Industrial consultant Sayeed Parvez Qaisar said: “In my hostel room for five years, I had just two posters. One was of Ali standing over fallen Liston. And there is a Poster of Ali in my office still. Saying: Don’t count days. Make days count.”
National Conference spokesman Junaid Azim Mattu said: “His father painted billboards and signs and Muhammad Ali inherited nothing beyond a will to survive, fight and rise. Rest in Peace Muhammad Ali #TheGreatest.”
Journalist Majid Hyderi posted: “From being born as globally celebrated boxer Cassius Clay to Muhammad Ali, the journey of this man, ‘The Greatest of All Time’, was perfect example of Allah’s Hidayat to mankind in the contemporary world.”
Observers said Kashmir’s love for Muhammad Ali was beyond “traditional fan-following for both the races have been victims of human rights abuse.”   “He(Muhammad Ali) happened to be inspirational champion of boxing arena and human rights, alike.

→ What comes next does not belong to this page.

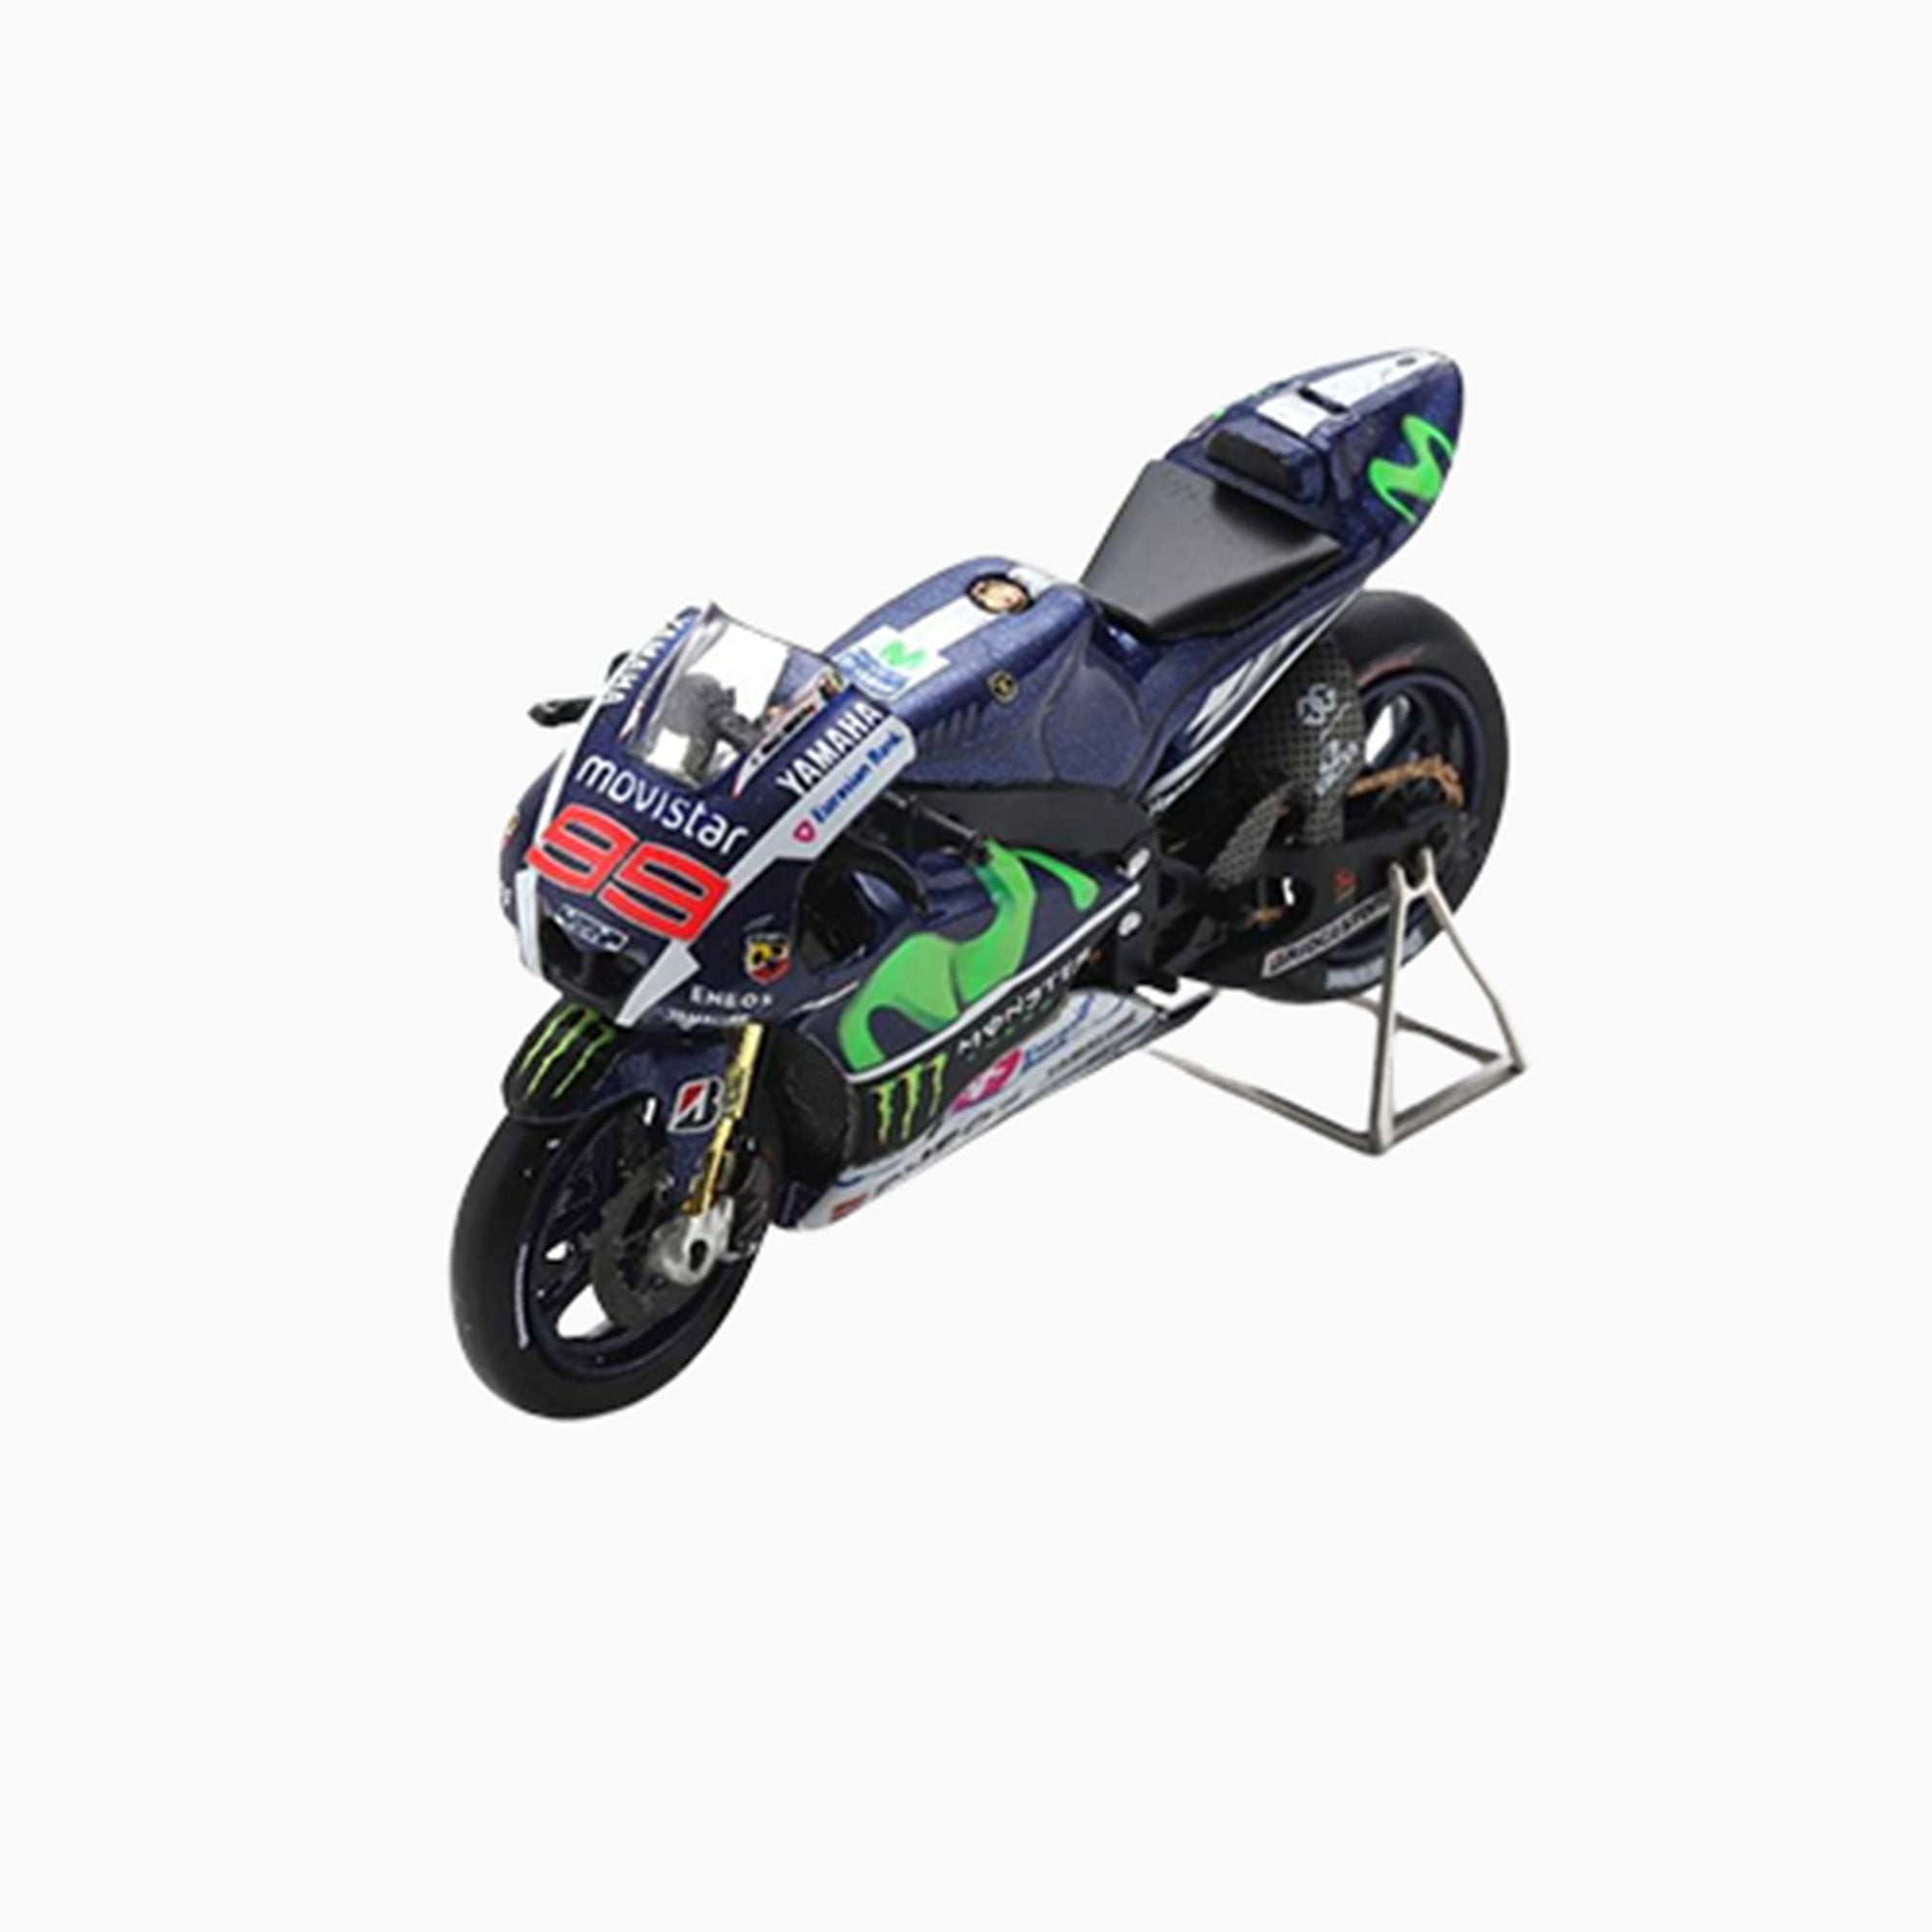 Yamaha YZR M1 #99 - Movistar Yamaha MotoGP Winner Spanish GP - Valencia - World Champion 2015 | 1:43 Scale Model-1:43 Scale Model-Spark Models-gpx-store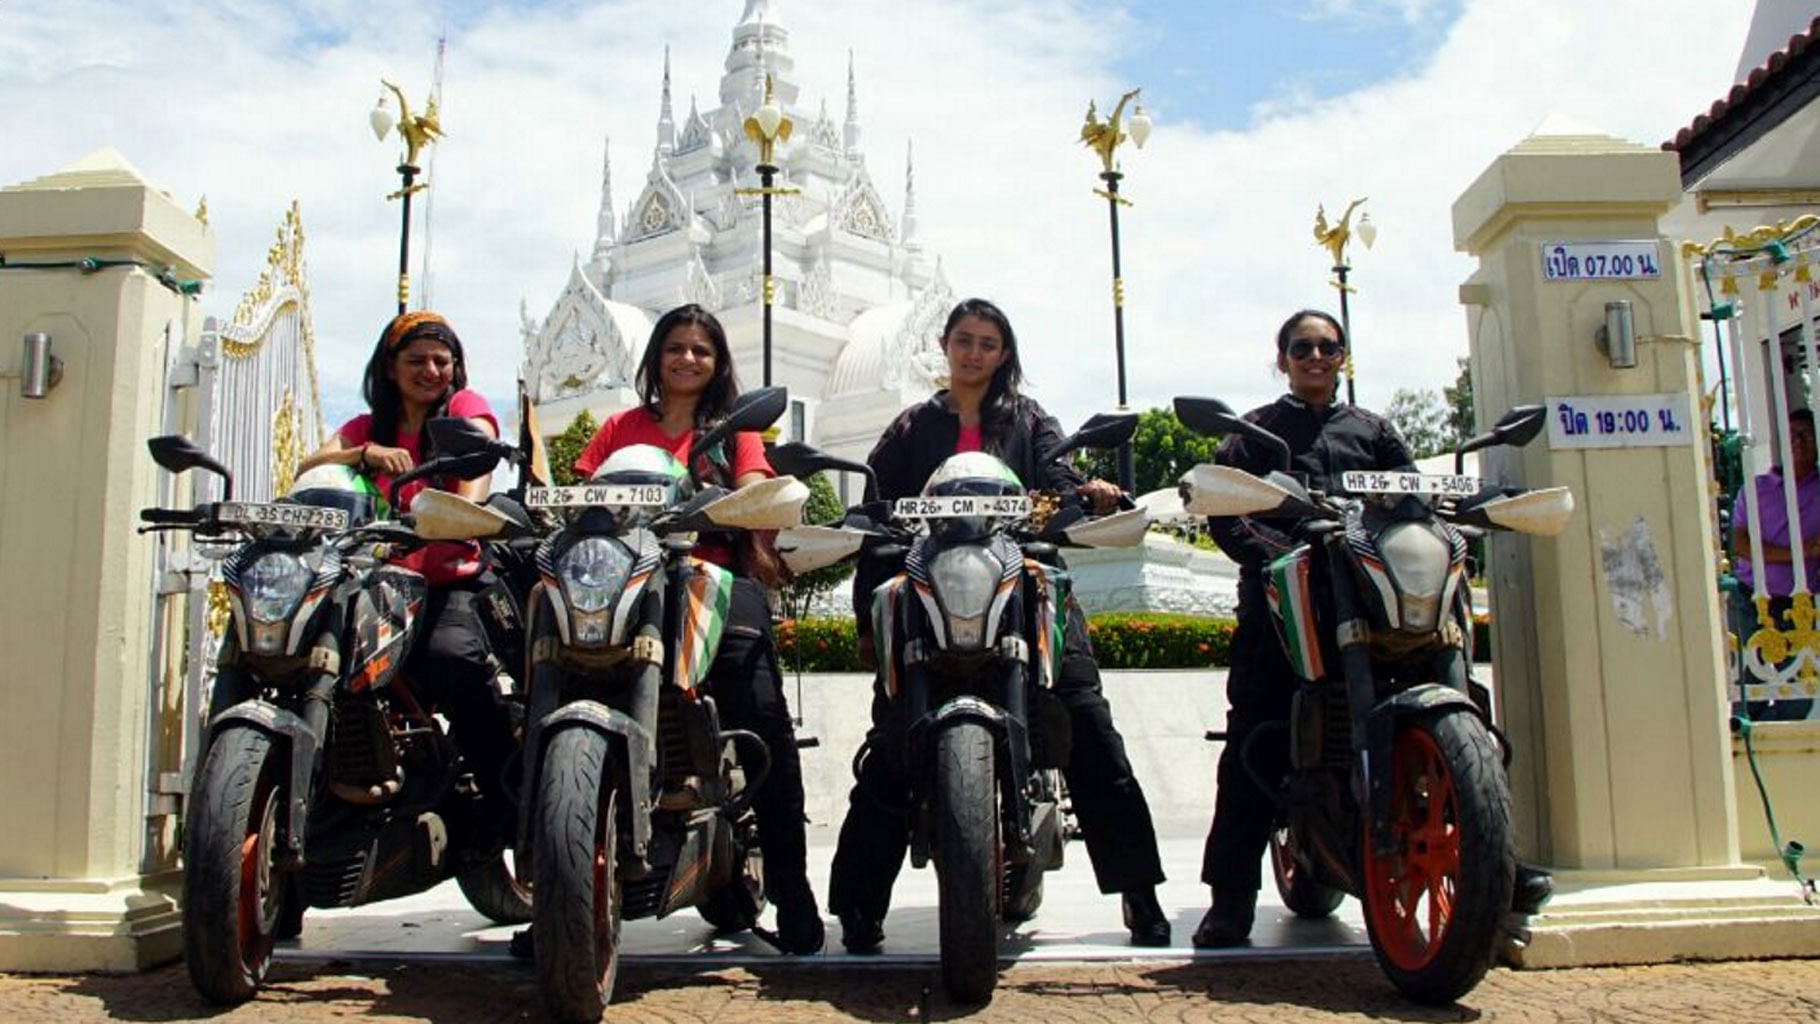 The Biking Queens in the the Surat Thani City Pillar Shrines in Thailand. (Photo Courtesy: Facebook/<a href="https://www.facebook.com/BikingQueensSurat/photos/a.887965764611993.1073741829.886942381380998/1097402743668293/?type=3&amp;theater">Biking Queens</a>)

And he stood by his stand to the end… Being a suppressed nation, the people of Kashmir had a natural relation with him and it only got discovered with his demise,” senior separatist leader Advocate Shahid Ul Islam told Kashmir Observer.
Ali, who once famously proclaimed himself “The Greatest” died Friday at a Phoenix-area hospital in the US, where he had spent the past few days being treated for respiratory complications.
Ali had suffered for three decades from Parkinson’s, a progressive neurological condition that slowly robbed him of both his legendary verbal grace and his physical dexterity.
Reports reveal even as his health declined, Ali did not shy from politics or controversy, releasing a statement in December criticizing Republican presidential candidate Donald Trump’s proposal to ban Muslims from entering the United States. “We as Muslims have to stand up to those who use Islam to advance their own personal agenda,” he said.
The remark bookended the life of a man who burst into the national consciousness in the early 1960s, when as a young heavyweight champion he converted to Islam and refused to serve in the Vietnam War, and became an emblem of strength, eloquence, conscience and courage.
Ali was an anti-establishment showman who transcended borders and barriers, race and religion. His fights against other men became spectacles, but he embodied much greater battles.
Recoiling from the sport’s tightly knit community of agents and promoters, Ali found guidance instead from the Nation of Islam, an American Muslim sect that advocated racial separation and rejected the pacifism of most civil rights activism. Inspired by Malcolm X, one of the group’s leaders, he converted in 1963. But he kept his new faith a secret until the crown was safely in hand.
That came the following year, when heavyweight champion Sonny Liston agreed to fight Ali. The challenger geared up for the bout with a litany of insults and rhymes, including the line, “float like a butterfly, sting like a bee.” He beat the fearsome Liston in a sixth-round technical knockout before a stunned Miami Beach crowd. In the ring, Ali proclaimed: “I am the greatest! I am the greatest! I’m the king of the world!”
The king, alas, is no more! RIP Muhammad Ali!